# Ruger's new amazing concealed carry pistol. AMAZING!!!



## Bax* (Dec 14, 2008)

http://www.realguns.com/archives/192.htm


----------



## DallanC (Jan 13, 2009)

Hahaa its not april 1st yet!

25lb trigger pull? Comes with free pack of gum... lol


-DallanC


----------



## Al Hansen (Sep 7, 2007)

:lol:


----------



## highcountryfever (Aug 24, 2009)

> In a self defense scheme of things, we assume there will be a primary firearm, a backup firearm, a knife, a club,...maybe a pointed stick, and THEN the SSCP takes over where all other options have failed.


 :lol:


----------



## DallanC (Jan 13, 2009)

Getting hit would sting like no tomorrow I'd guess... it would be a good bear defense gun. Bear starts to charge, you whip this bad boy out... shoot your guide in the leg then take off running

-_O- 


-DallanC


----------



## Bax* (Dec 14, 2008)

> With only 1.4 grains of case capacity to work with, John concocted a blend of Alliant Blue Dot and hydrazine but, unfortunately, the compound caused it to rain whenever it was tested in the lab.

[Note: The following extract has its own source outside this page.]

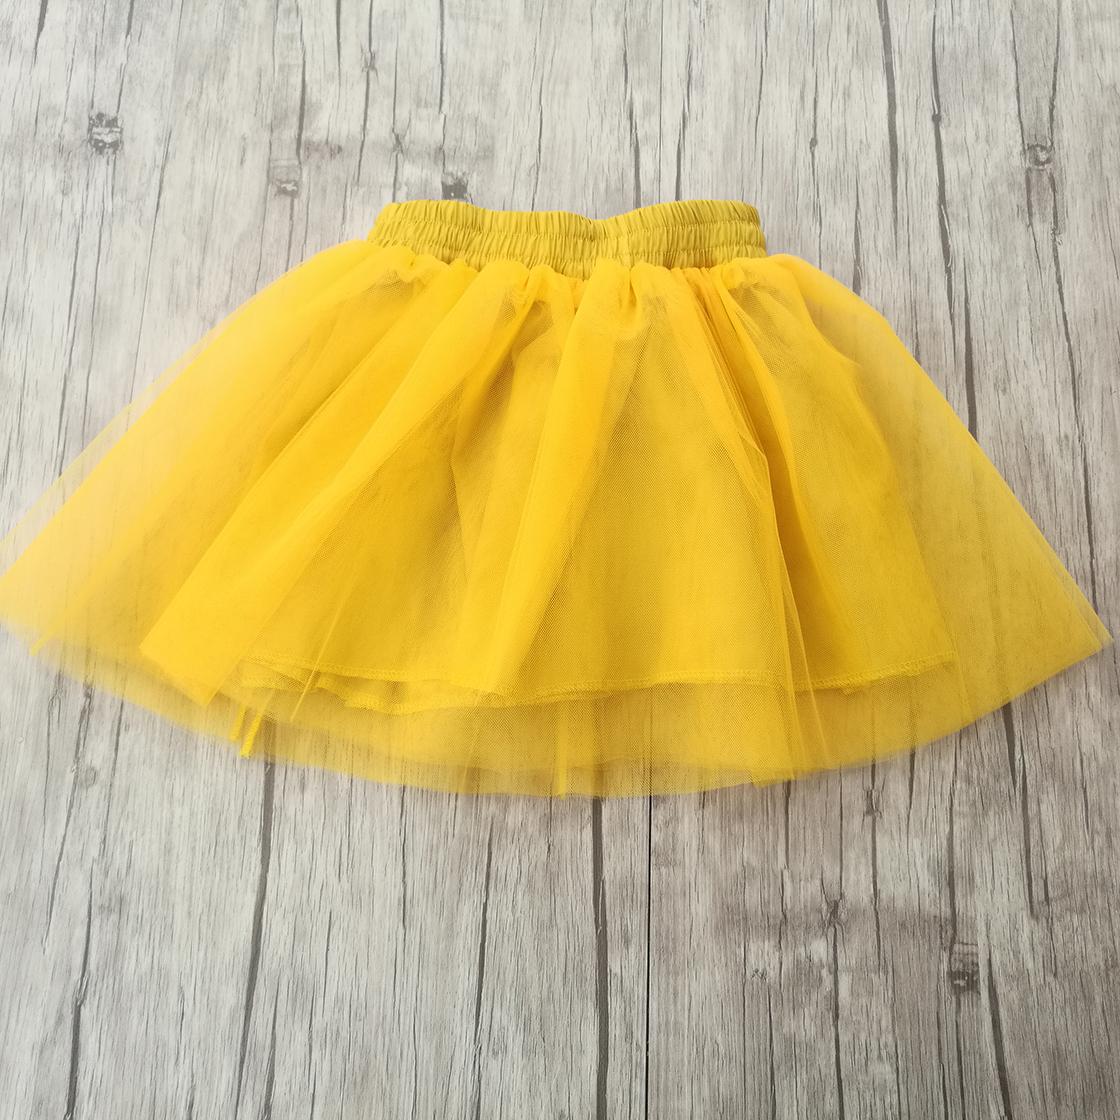 Summer Womens Mini Tulle Skirt Fairy Style Custom Made 5 layers saia Voile Bouffant Puffy Fashion Skirt Summer Tutu Skirts 3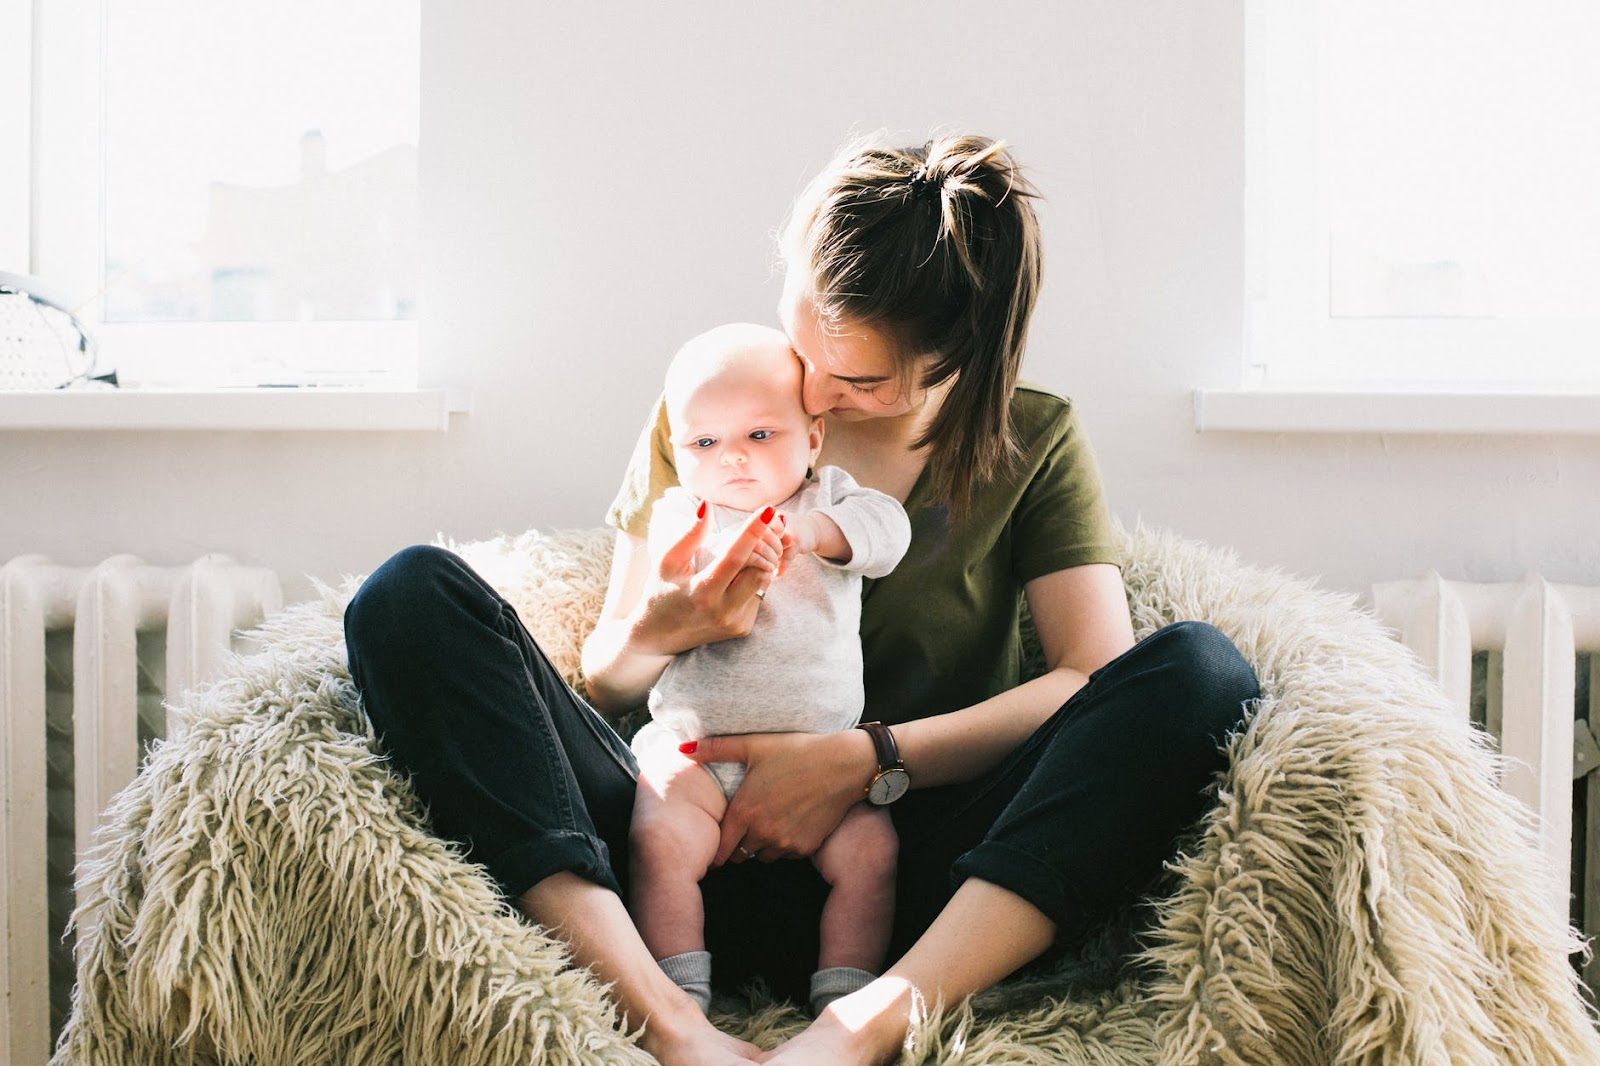 new mothers sleep-deprived

Eventually the Blue Dot was discarded, the hydrazine was discarded and velocities of 1,200 fps for a 28 grain FMJ bullet and 1,400 fps for a 20 grain hollow point bullet load were attained with a *small rifle magnum primer* and one medium size *pop rock*.


What pressure does a small magnum rifle primer and a pop rock create? :lol:


----------



## wyogoob (Sep 7, 2007)

427.87 psi at sea level


----------